Kozinski started his talk by going over some of the arguments he has made before [PDF] in support of cameras (e.g., studies show cameras don’t affect the proceedings, quoting his “old boss” Warren Burger — “People in an open society do not demand infallibility from their institutions, but it is difficult for them to accept what they are prohibited from observing.”).

It wouldn’t be like the O.J. trial, which decidedly set the cameras-in-the-courtroom movement back. Kozinski advocates stationary cameras that would not zoom in, zoom out, or otherwise overly dramatize the courtroom events. Kozinski acknowledged that if you were to choose between a O.J. media circus or reports from informed journalists like Nina Totenberg or Linda Greenhouse, one might be happy to live without cameras.

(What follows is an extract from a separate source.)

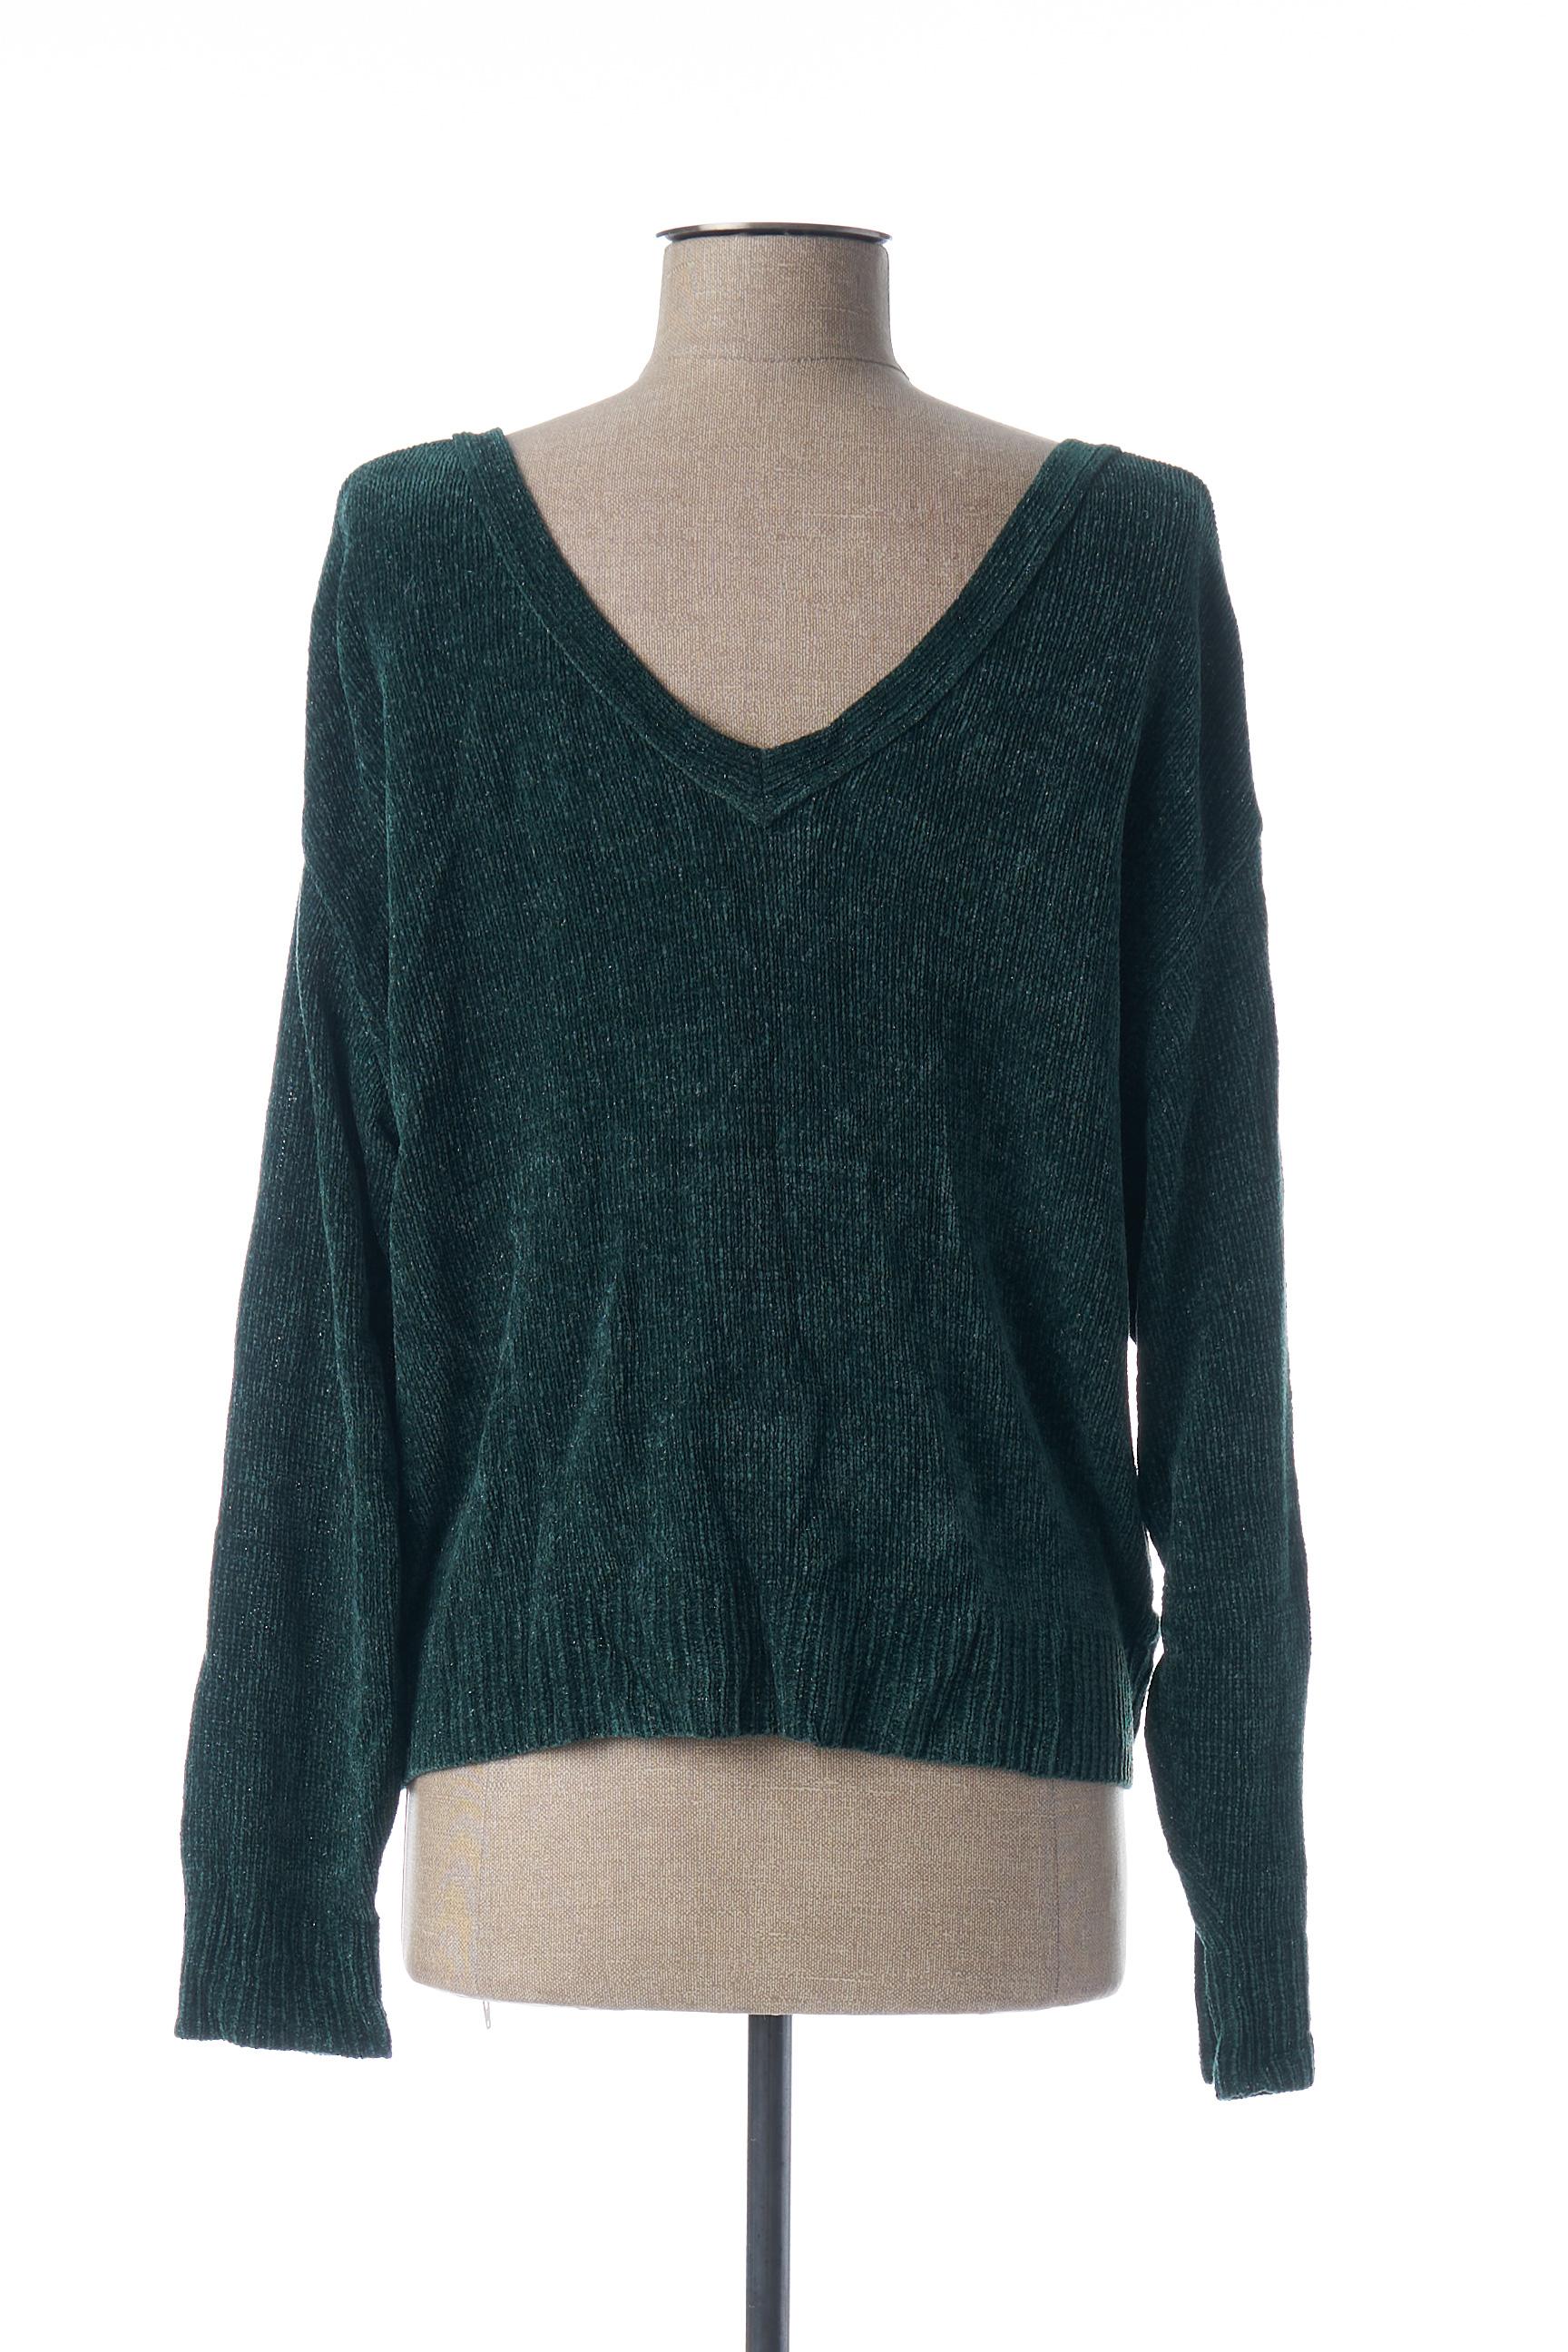 Le Petit Baigneur Cardigans Femme De Couleur Vert En Soldes Pas Cher 1449005-vert00

But that’s not usually the choice one has. Kozinski pointed to the “long, slow decline of the newspaper industry” and the “rise of a much more diffuse style of coverage” as a major reason why cameras should be brought into courtrooms. Increasingly, the public is relying on “pseudo-journalists” (aka bloggers) for their instantaneous legal news.

“On the Internet, the loudest voice gets the most attention,” said Kozinski, who said that tends to lead to a distortion of the coverage of a case. He also raised the risks of relying on unknown bloggers, pointing to the case of “Dr. Flea.”

[snip]

“The days of obscurity for judges and reliable, informed journalists are gone and gone forever,” said Kozinski. “If courts don’t change with the times, change will be forced upon them.”

Kozinski’s arguing, apparently, that we need cameras in the courtroom because trials are no longer covered with the skill that Nina Totenberg and Linda Greenhouse bring to their work. Furthermore, Kozinski seems to be arguing, the public is fooled into following “loud” chroniclers of trials, rather than competent ones. And, it seems, Kozinski believes readers (the blogger here doesn’t specify what kind of reader) risk … something … if they rely on pseudonymous bloggers.

As some of you no doubt recall, a blog named “FireDogLake” actually once covered a trial–the Scooter Libby trial–also covered by Nina Totenberg. FDL’s coverage was undoubtedly biased and at times even delved into heavy snark (since then, in fact, one of the bloggers has developed a bit of a reputation for a potty mouth). Nevertheless, FDL’s liveblog–written under the pseudonyms “emptywheel,” “Swopa,” and “Pachacutec”– became the standard “instantaneous” news from the trial. Two of the TradMed journalists in the courtroom–including one whose beat was the Court–followed the stream, not to mention an unknown number of journalists who chose to stay away from the court house and follow along the thread. The General Counsel for the Washington Post chose to follow FDL’s liveblog, rather than the superb work of Washington Post reporter Carol Leonnig, because with five reporters testifying in the trial, he needed up-to-the-minute near transcription rather than twice-daily analysis of the events. When it was all said and done, Jay Rosen declared that in most categories of coverage “FDL was tops.” I assume Rosen even considered Nina Totenberg’s coverage of the trial when he said that.